As portas de outrora - o caso das aldrabas

17.04.20, Lígia Laginha

Falar do património identitário de um povo é falar dos seus usos e costumes, dos seus edifícios e objectos, da natureza em que se enquadra, etc. Nesse sentido hoje decidi escrever algumas linhas sobre um objecto, a aldraba, que se encontrava presente nas portas dos nossos antepassados.

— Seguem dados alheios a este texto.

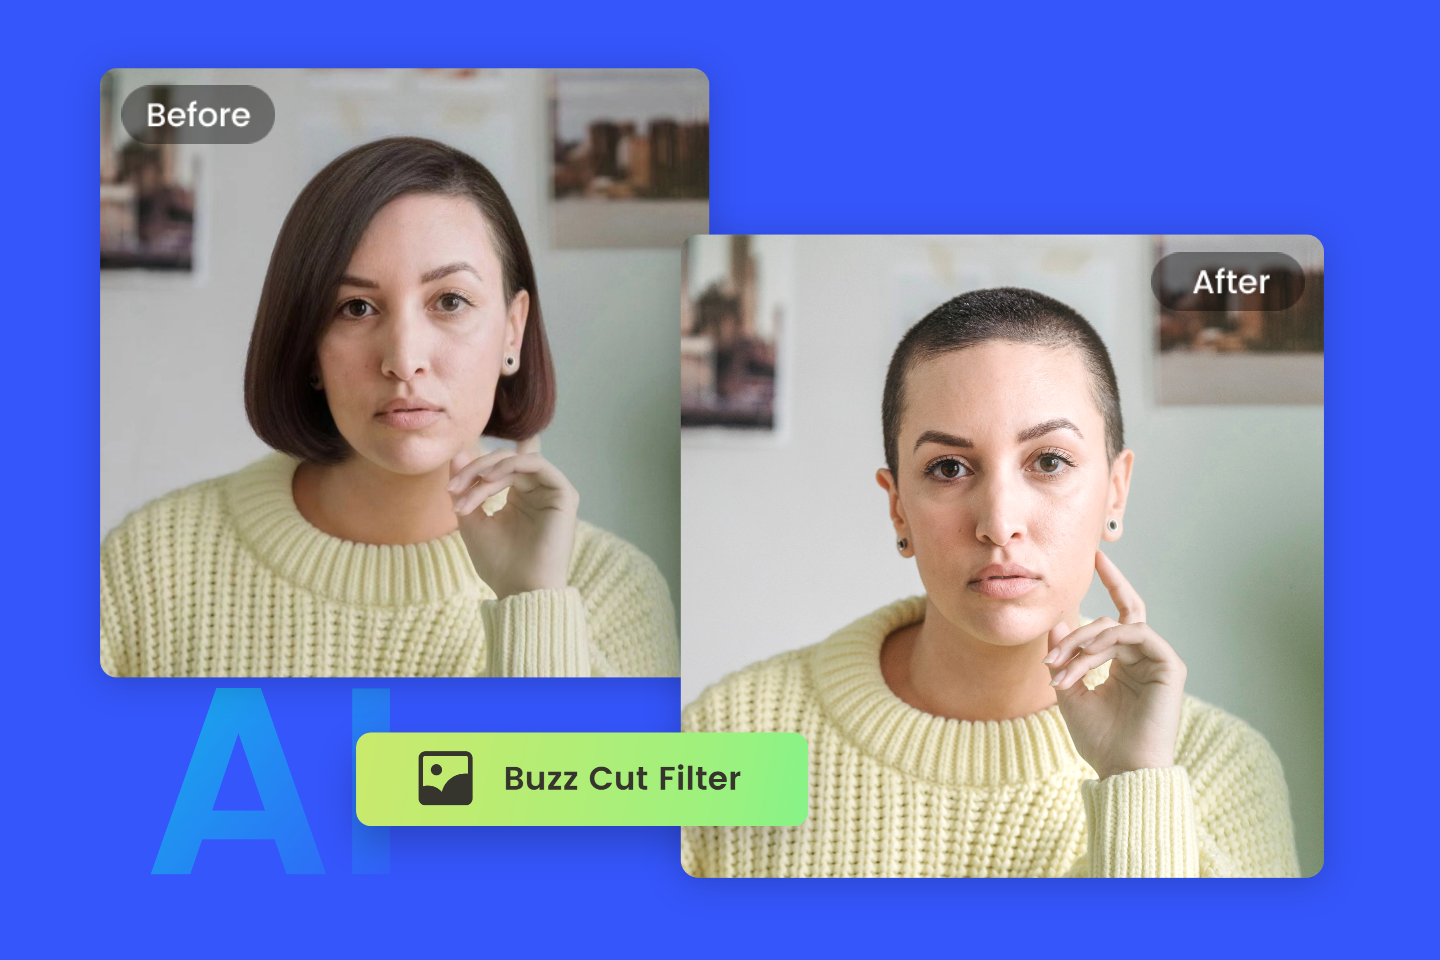 Use fotor online buzz cut filter to transform female bob hairstyle into buzz cut
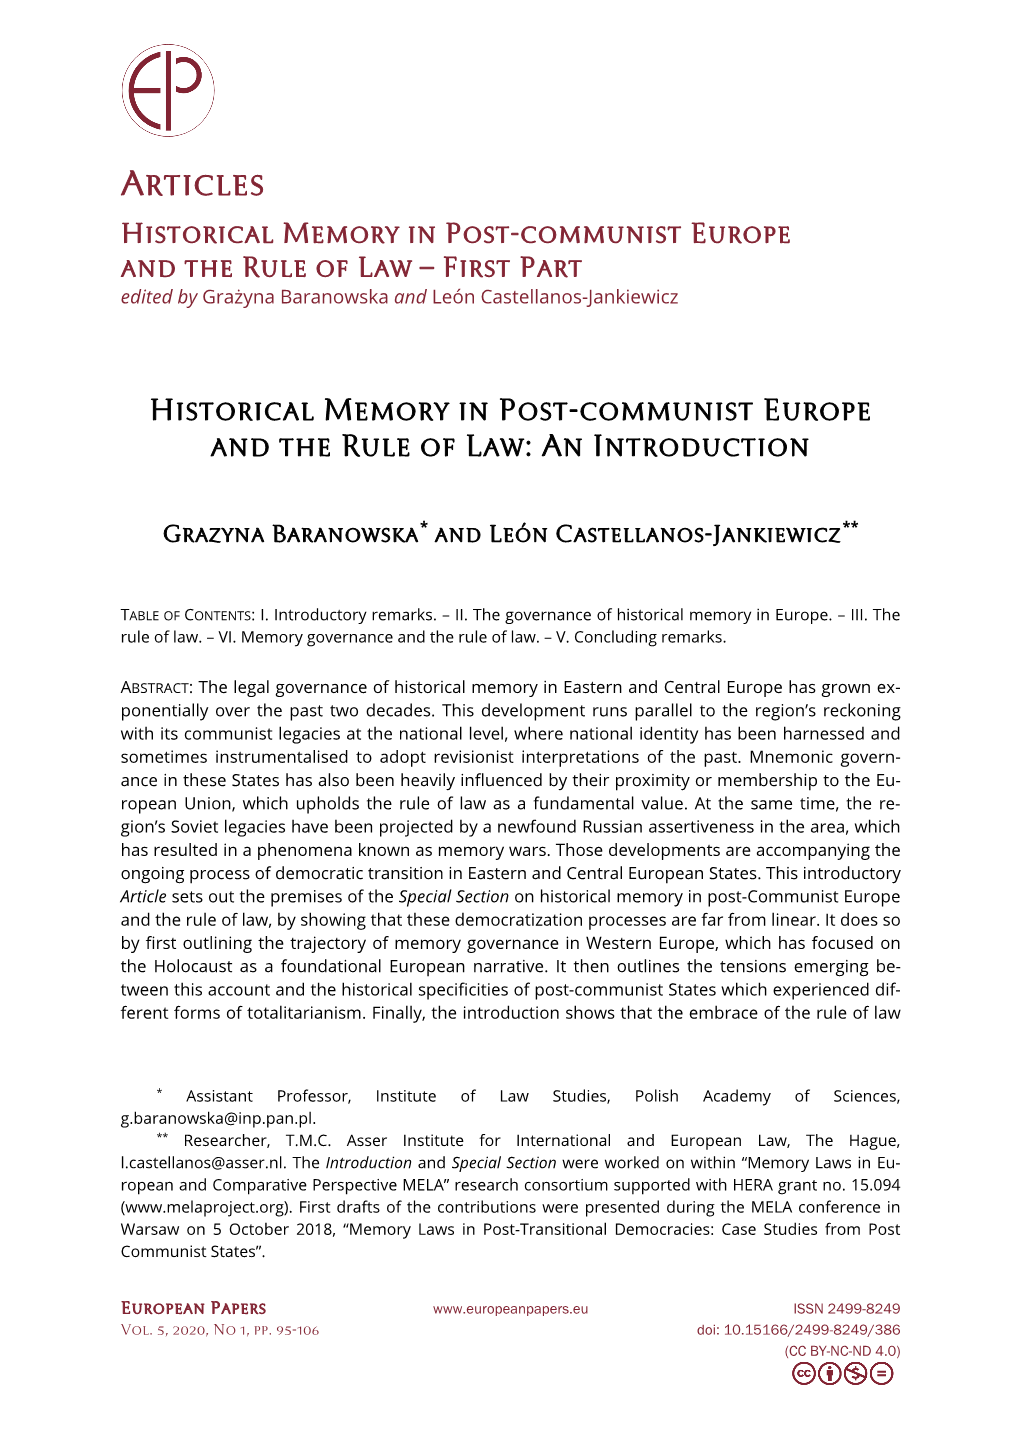 Historical Memory in Post-Communist Europe and the Rule of Law – First Part Edited by Grażyna Baranowska and León Castellanos-Jankiewicz

Criada com uma função diária (servia para quem chegava à porta de uma habitação anunciar a sua visita), a aldraba tinha ainda outro fim: servia de ferrolho, isto é, é necessário girar a aldraba que fazendo mover uma tranqueta serve para abrir ou fechar a porta
No tempo em que os árabes ocuparam o Algarve, algumas portas podiam ter três aldrabas que simbolizavam que no interior da casa haviam um homem, uma mulher e uma criança. Cada aldraba, segundo o sexo e a idade, tinha um tamanho e som diferenciados.
A aldraba, diferente da "manita que é um batente, representava o contorno da mão de Fatma, a filha do Profeta Maomé, e nesse sentido, possuir tal objecto na porta de entrada da casa era uma forma de defender os seus habitantes dos maus olhados e atrair a sorte.
Hoje as aldrabas foram sendo substituídas por batentes, campainhas e puxadores. Algumas portas modernas possuem imitações quase perfeitas destes objectos que aqui adquirem uma função meramente decorativa.

A Páscoa no Algarve

16.04.20, Lígia Laginha


A Páscoa é mais uma festividade que, consoante a região do país, adquire aspectos próprios. No Algarve, algumas das mais interessantes tradições de Páscoa têm, lamentavelmente, sido perdidas. No entanto, nada nos impede de relembrar velhos tempos, reavivar as memórias e quem sabe recuperar algum desse valioso espólio etnográfico.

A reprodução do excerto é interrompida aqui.